Task statement: Set down the data below in full, exactly as it reads, but without the pictures.

Start of Supplied information

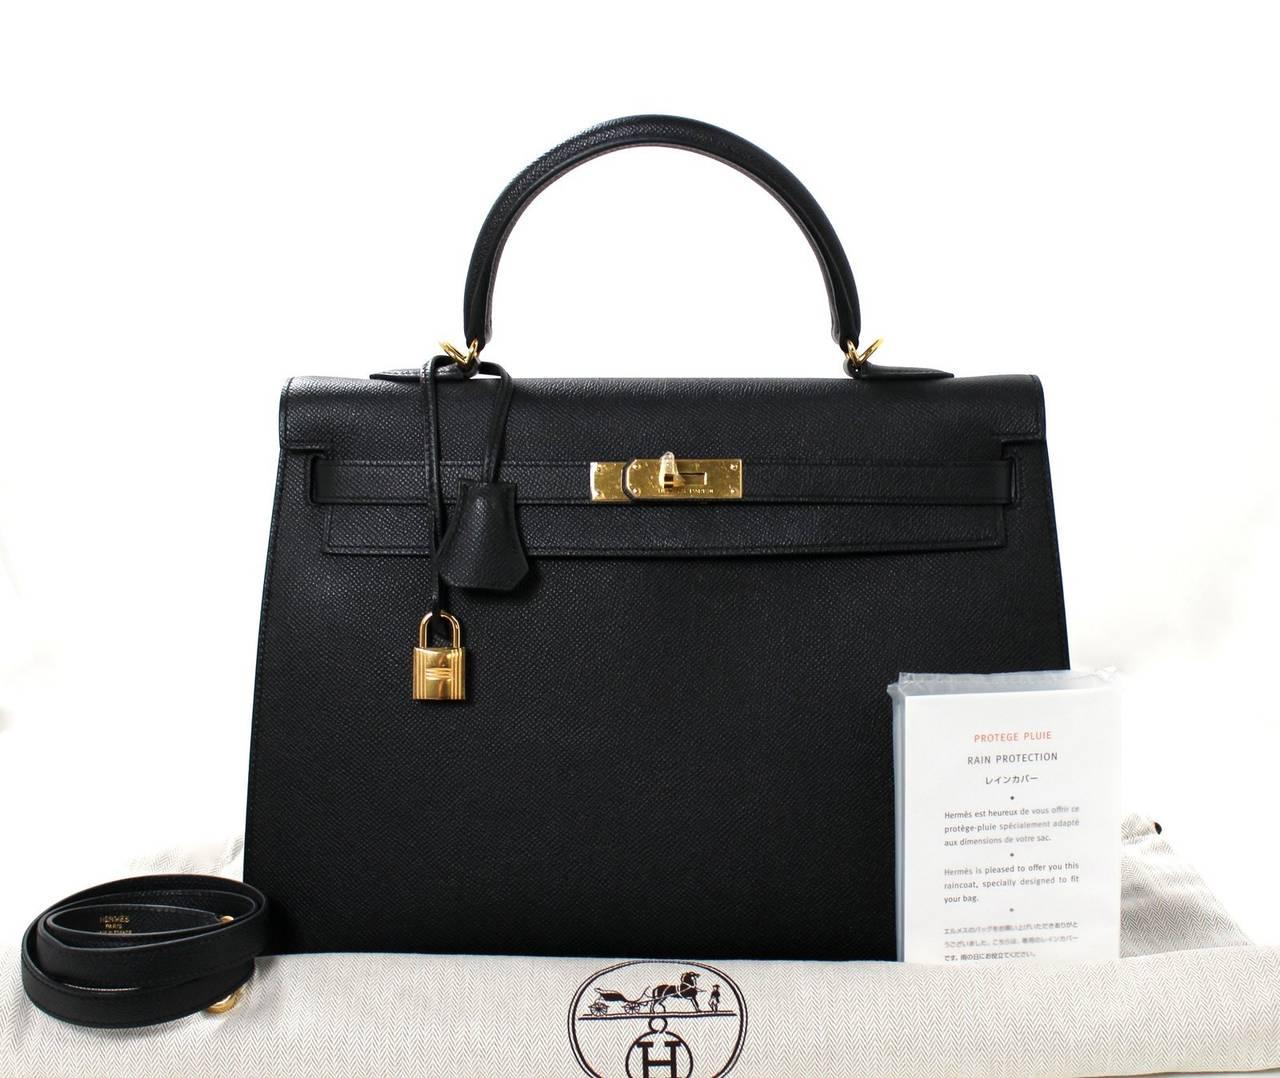 Hermes Black Kelly Sellier- Epsom Leather GHW  in 35 cm size 10
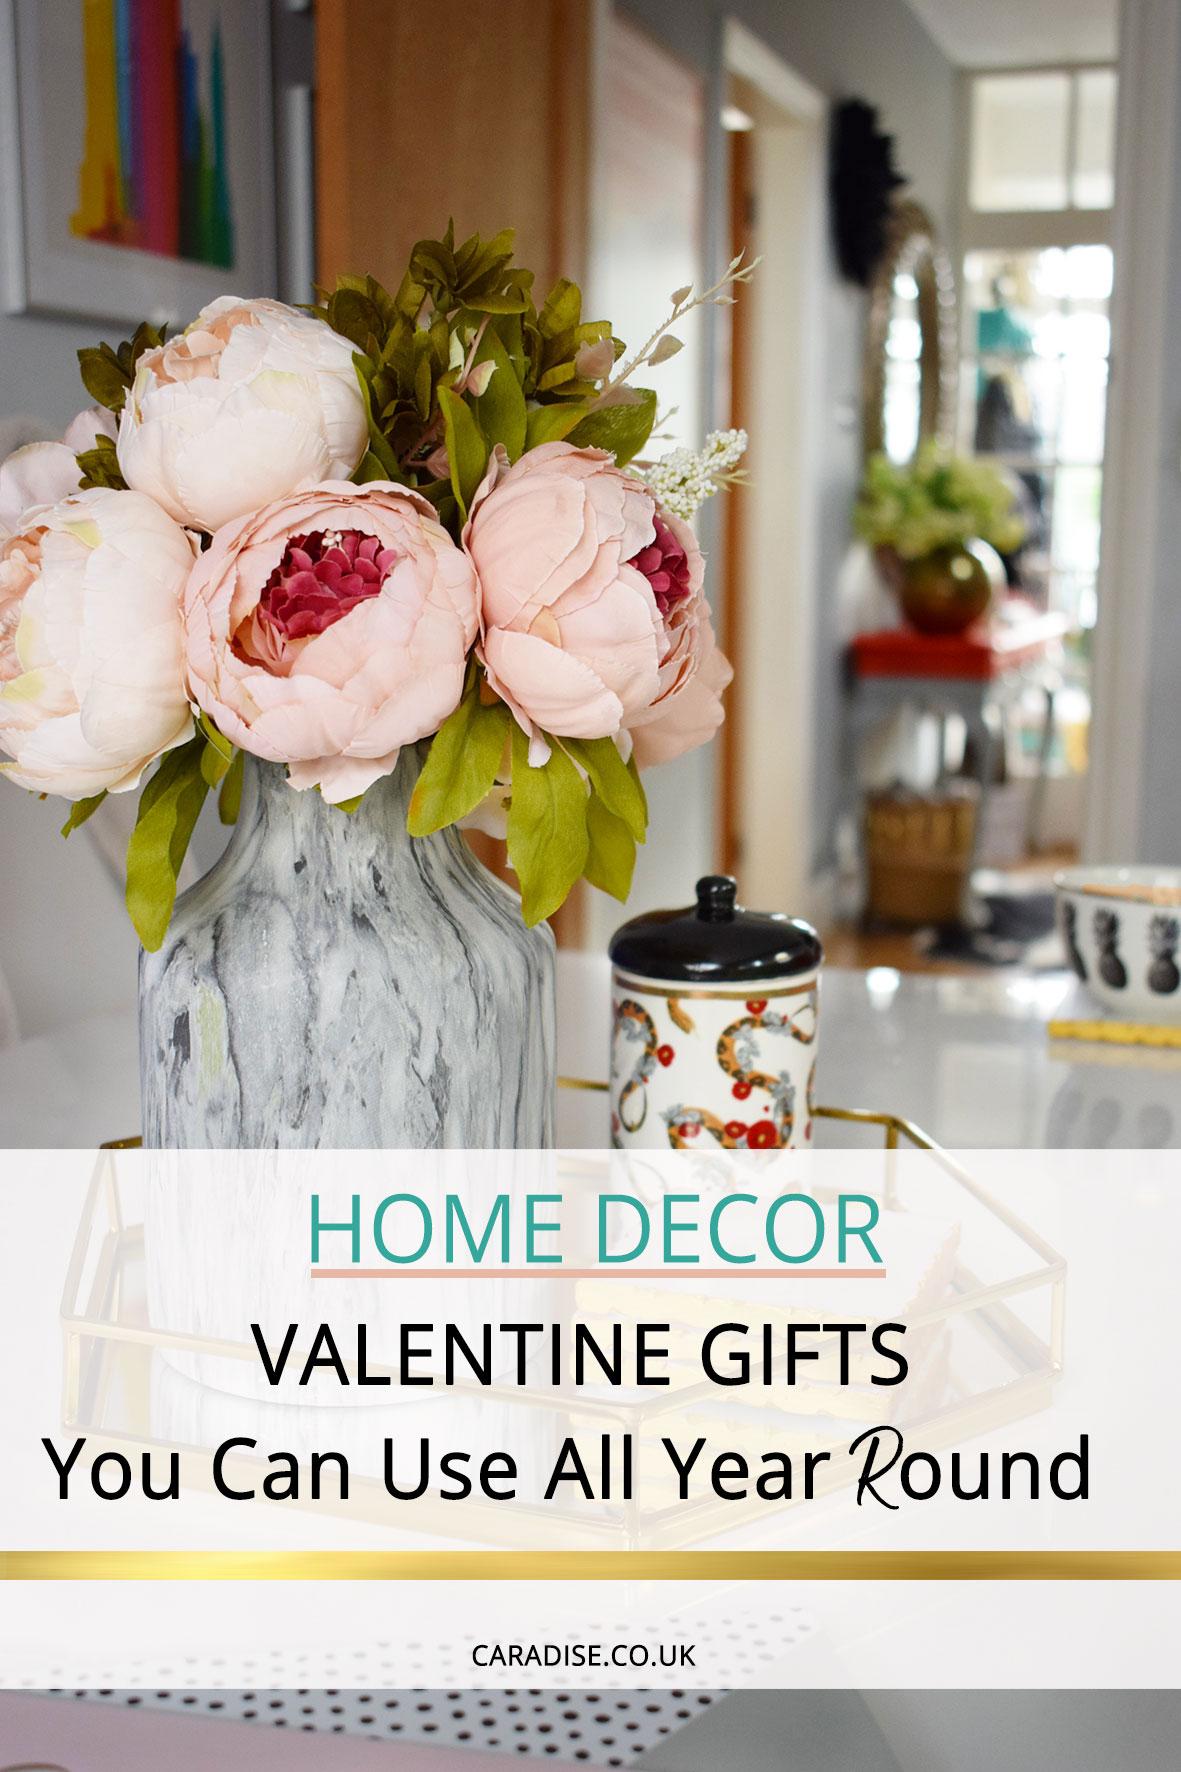 Home Decor Gifts Cheap Home Decor Online Cheap Home Decor Home
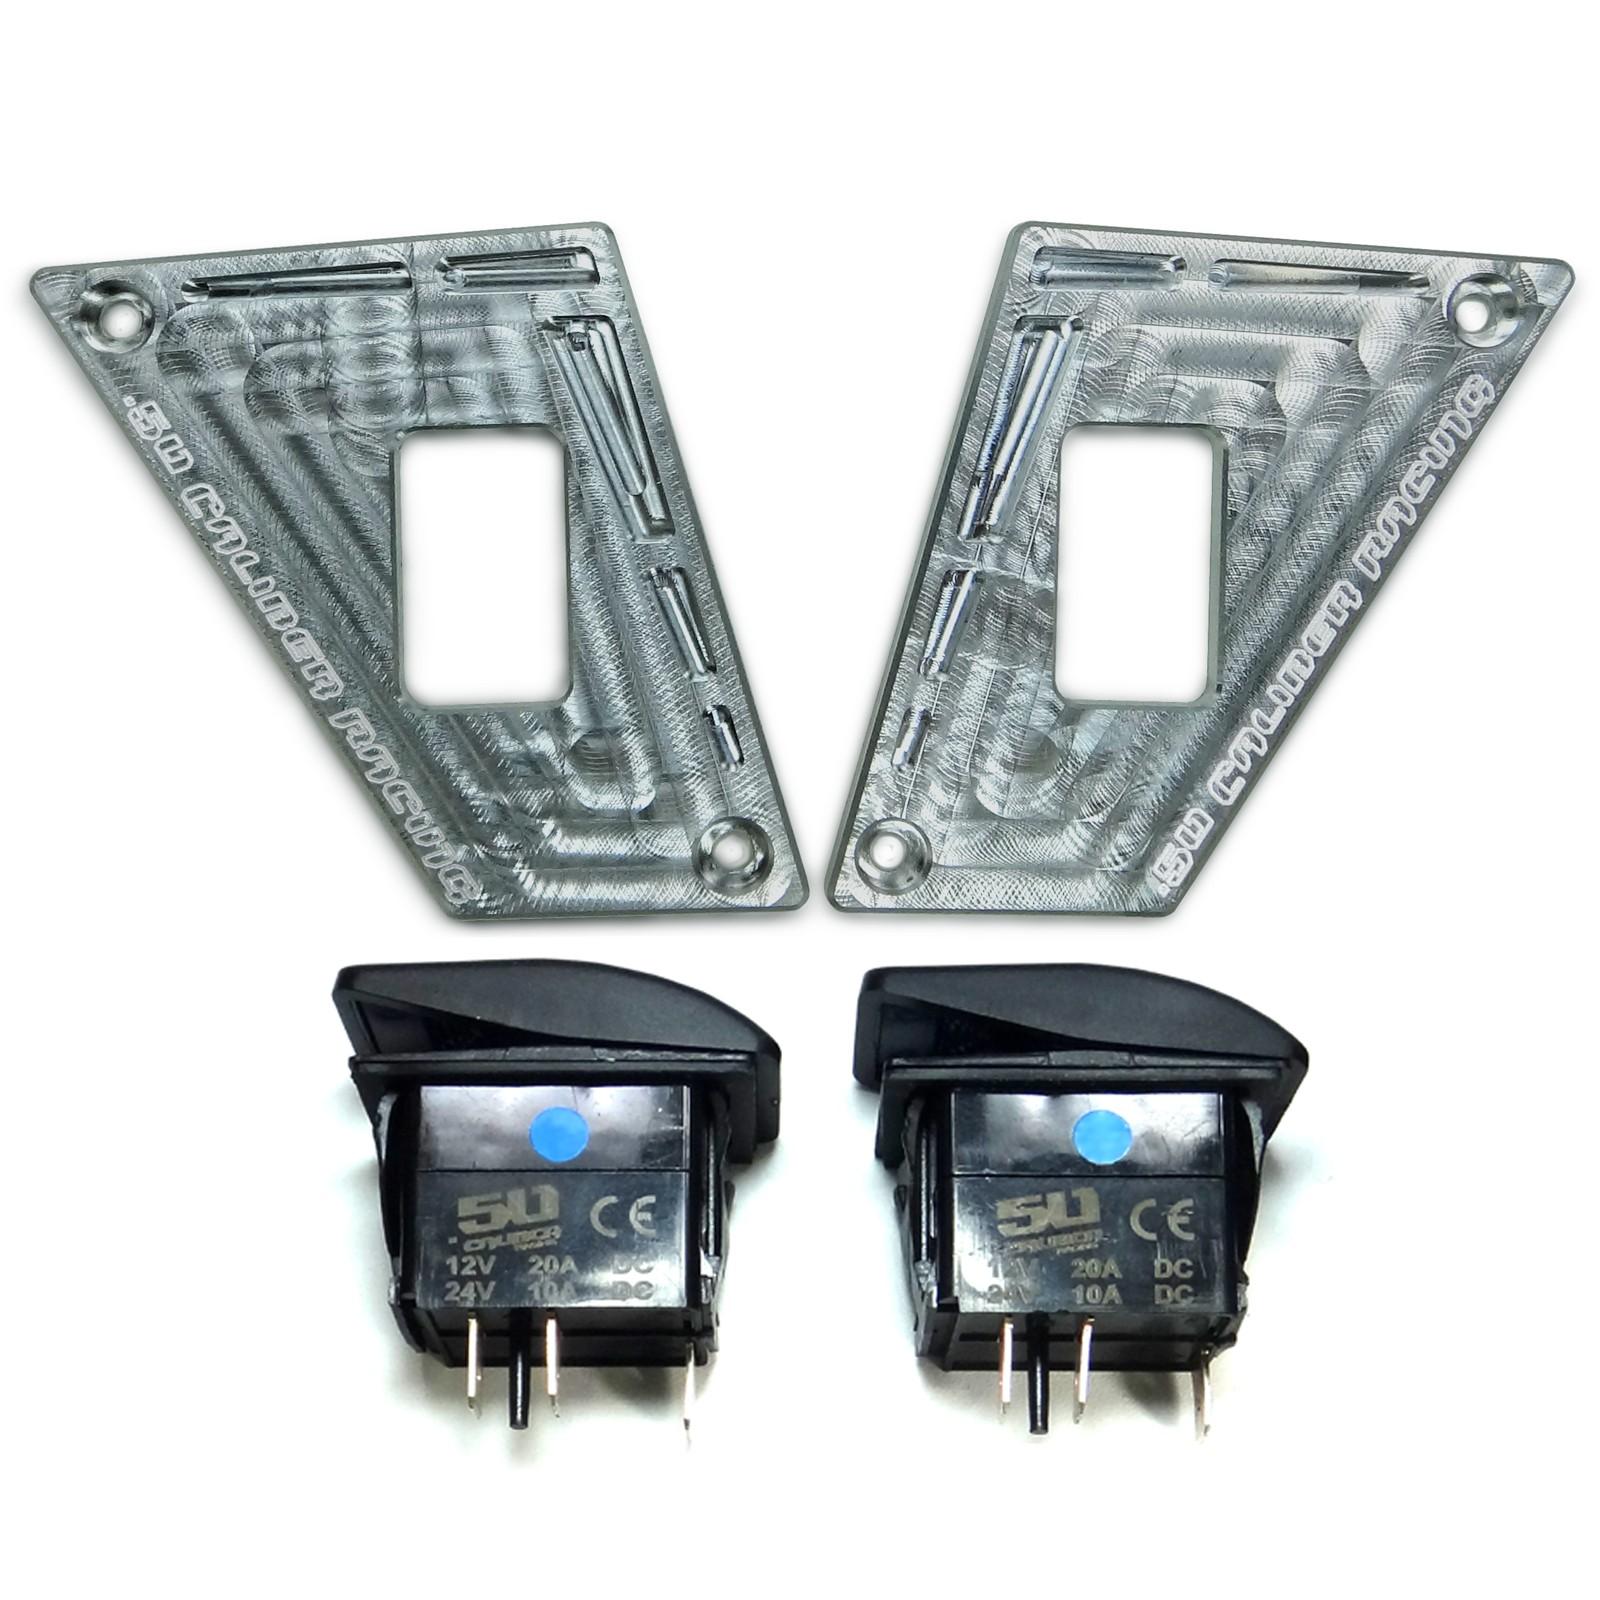 hight resolution of  polaris rzr 170 wiring diagram polari ranger 800 brake switch

End of Supplied information

Result of this task:
 Hermes Black Kelly Sellier- Epsom Leather GHW  in 35 cm size 10
 Home Decor Gifts Cheap Home Decor Online Cheap Home Decor Home
 hight resolution of  polaris rzr 170 wiring diagram polari ranger 800 brake switch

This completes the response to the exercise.